Monday, Oct. 05, 1942

The Philharmonic's Quiet Summer

In the Carnegie Hall bar and Joe Romano's Restaurant around the corner, many an oldtimer with a battered fiddle case shook his head sadly over his beer. Summer was over for the Philharmonic orchestra; it had been about as quiet as a monsoon. The open-air season at Manhattan's Lewisohn Stadium had piled up the largest deficit in the orchestra's 25-year history, most of which is written in red ink. Dimmed out as an air-raid precaution, the outdoor stadium had been plagued nightly by the whir of airplane motors. A bolt of lightning had demolished the sound shell on the stadium stage. The final concert had ended in a steady drizzle of rain, with seven violinists sadly sticking to their posts and moistly fiddling Auld Lang Syne. There was not a dry aisle in the amphitheater.

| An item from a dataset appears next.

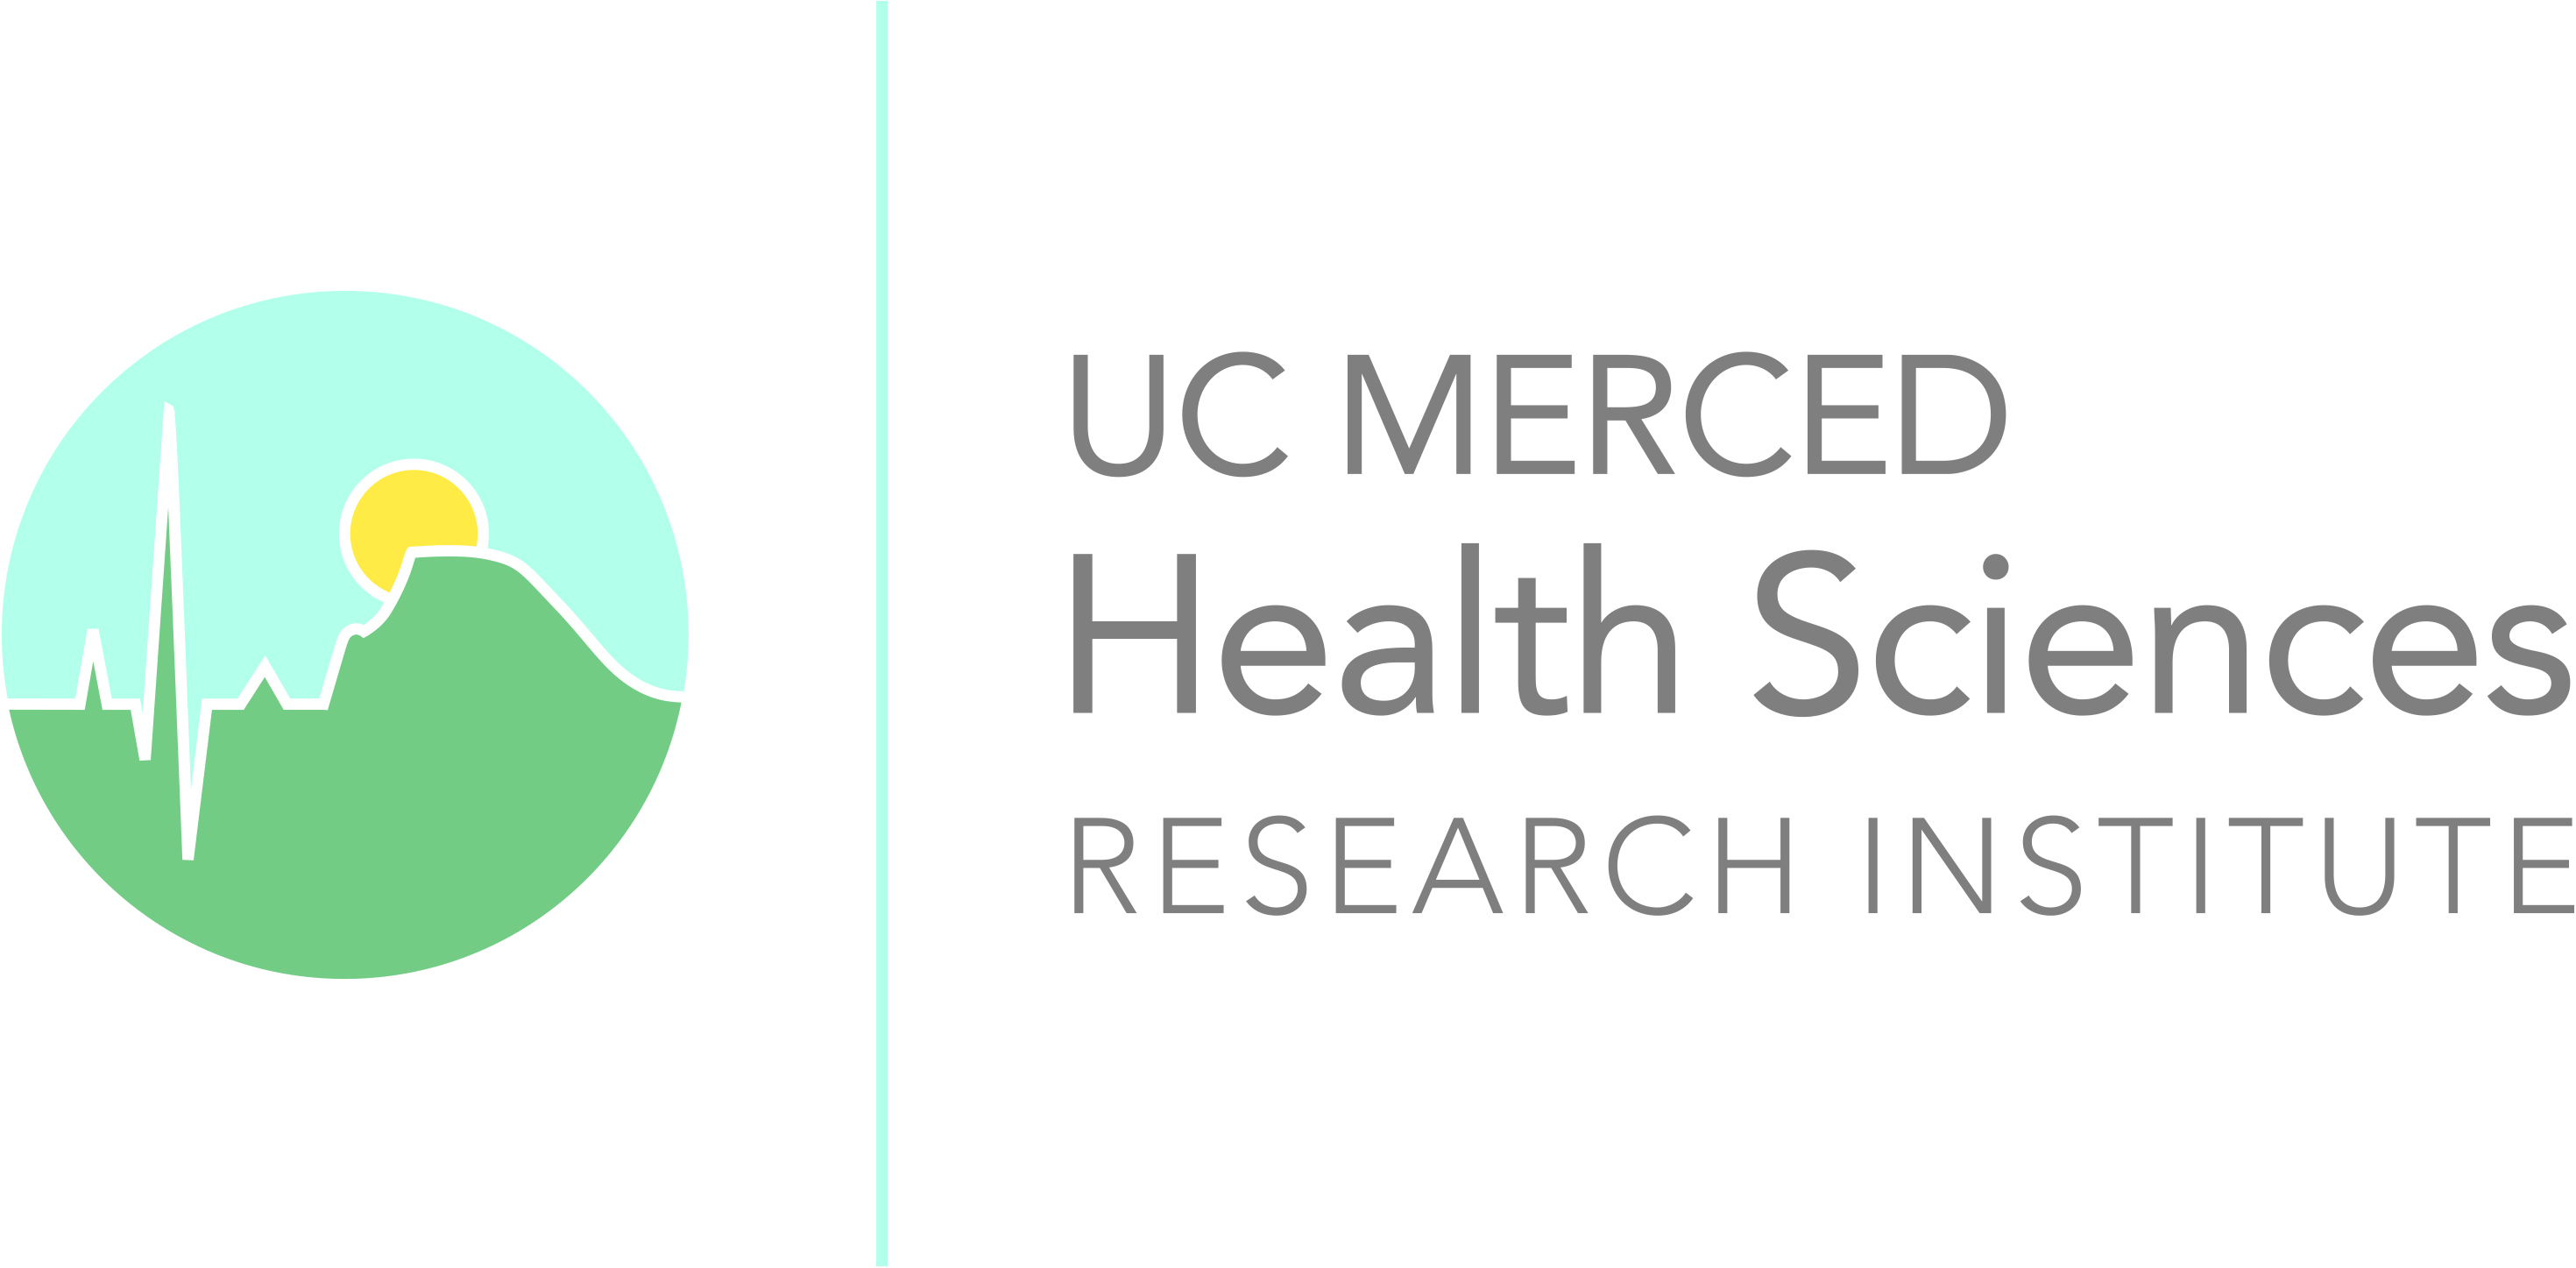 Health Sciences Research Institute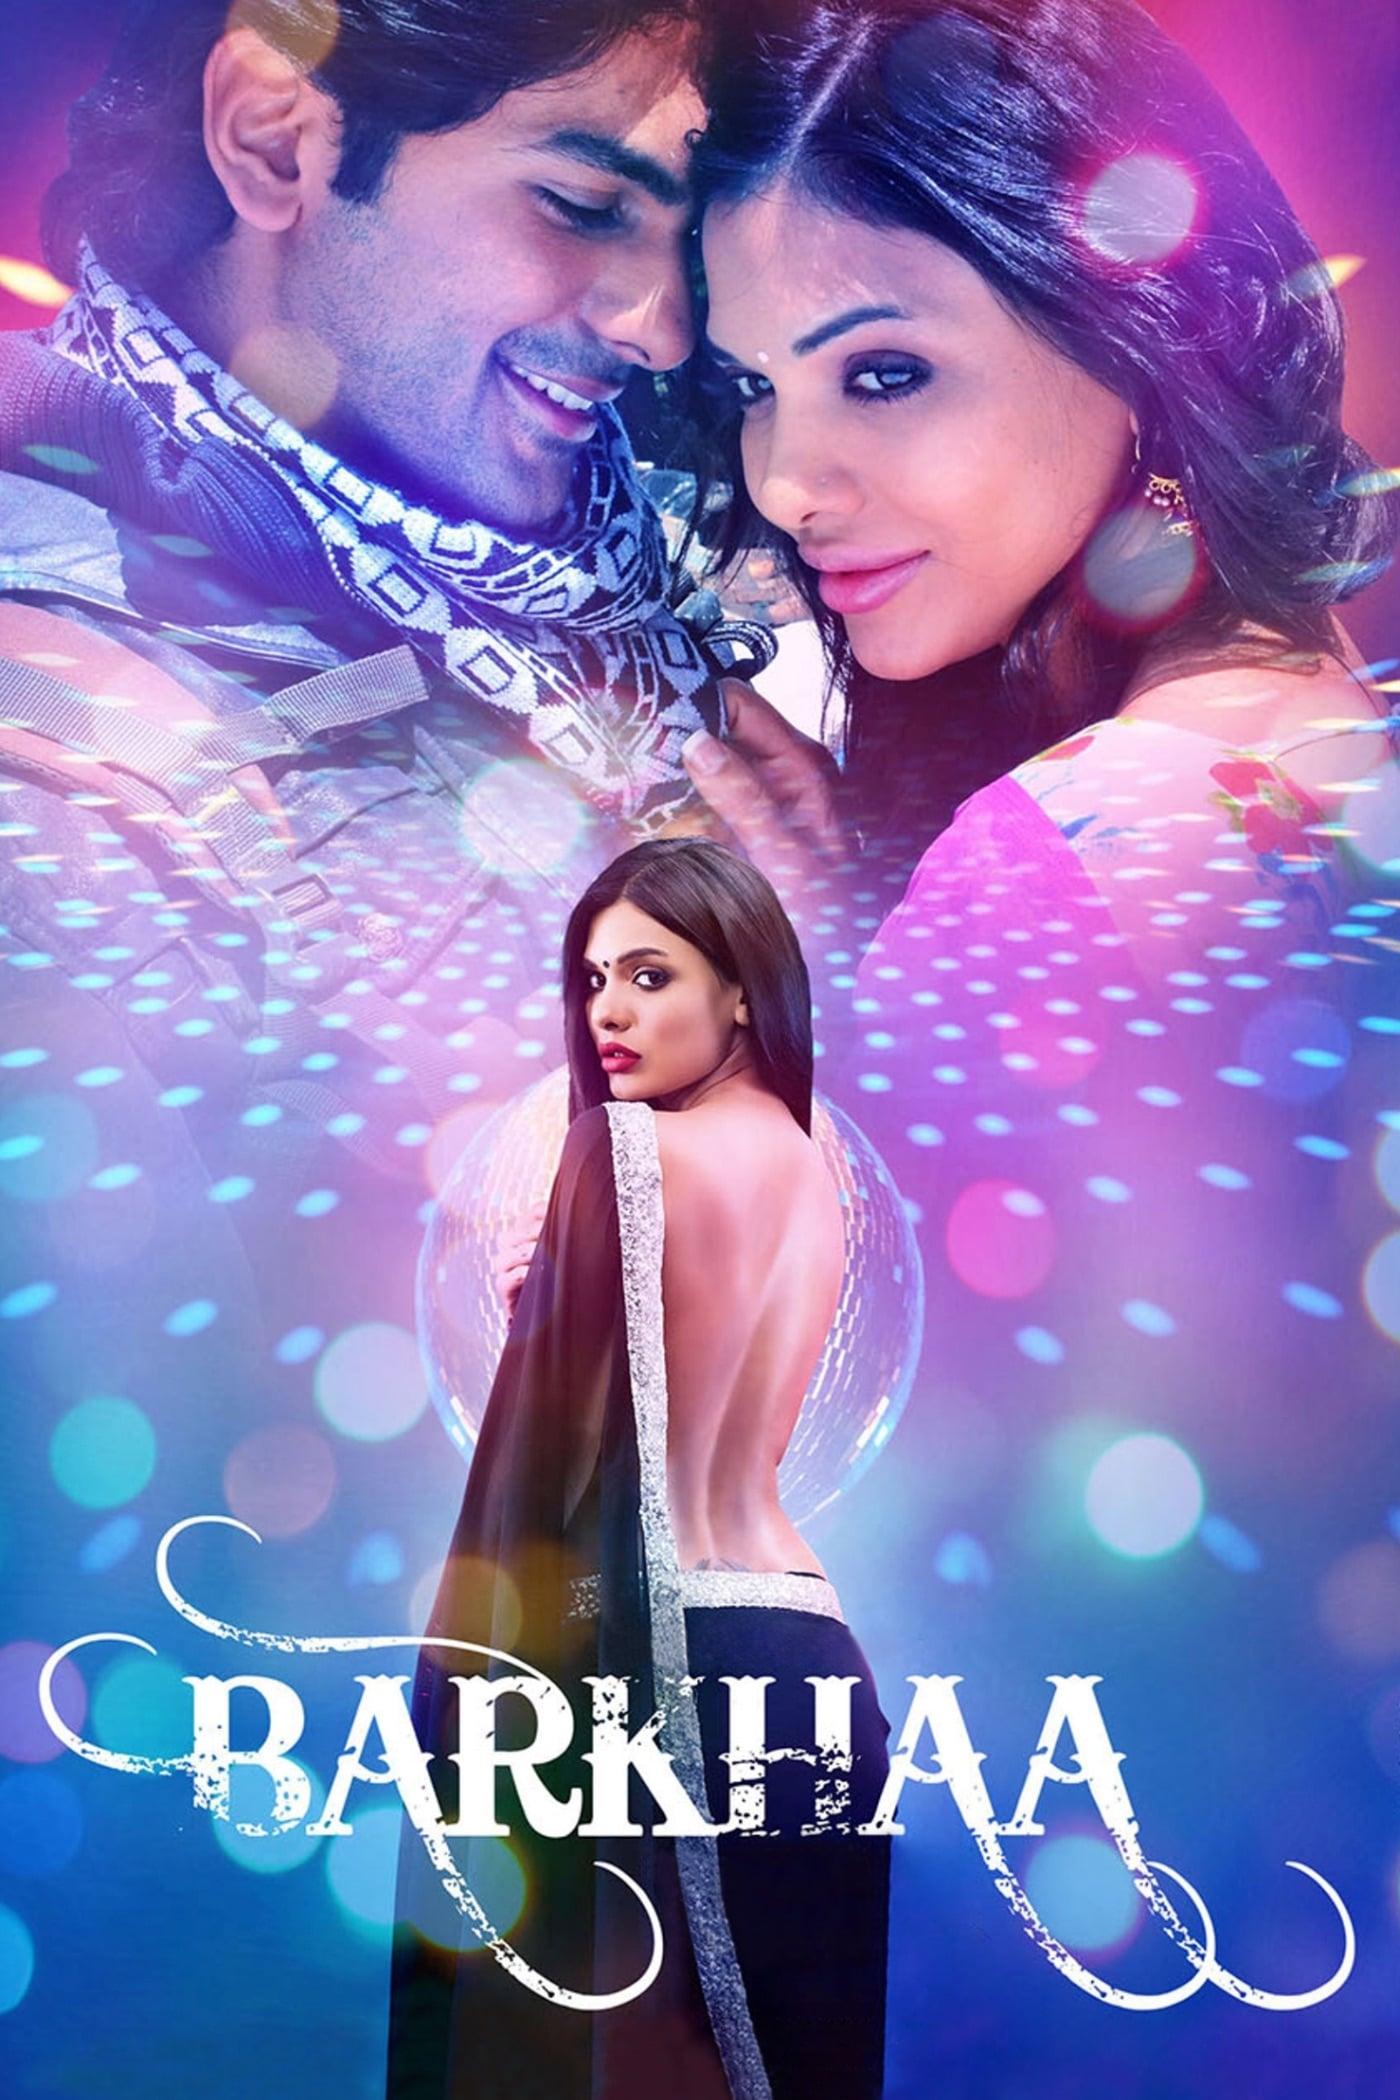 Barkhaa on FREECABLE TV

No sooner had the stadium season reached this amphibious end than General Manager Arthur Judson announced a shake-up among the Philharmonic's most important and highest-paid wind players. Trumpeter Harry Glantz, U.S. champion in his class, was promptly snapped up by the rival NBC Orchestra. Massive Flutist John Amans, famed for his ability to make his tootling instrument boom like a church organ, was retired, replaced by the NBC Orchestra's Pennsylvania-born John Wummer. World's champion French Horn Player Bruno Jaenicke, suffering from a heart ailment, prepared to spend the rest of his career sitting on the sidelines while a younger man, Rudolph Puletz Jr., did most of his puffing for him.

Most radical change in the Philharmonic's ranks, the engagement of a new first trombonist named William Jack Satterfield, caused heated comment not only among Carnegie Hall's long hairs but throughout the music marts of Broadway's dance-band industry. No highbrow, Trombonist Satterfield, son of a West-Virginia farmer, is famed, not for symphonic and operatic tromboning, but for his hot riffs as a member of Raymond Paige's "Young Americans" and several well-known U.S. dance bands. Never before (except in the case of one obscure drum & cymbal player) had the august Philharmonic unbent its classical dignity so far as to hire a former U.S. jazz artist.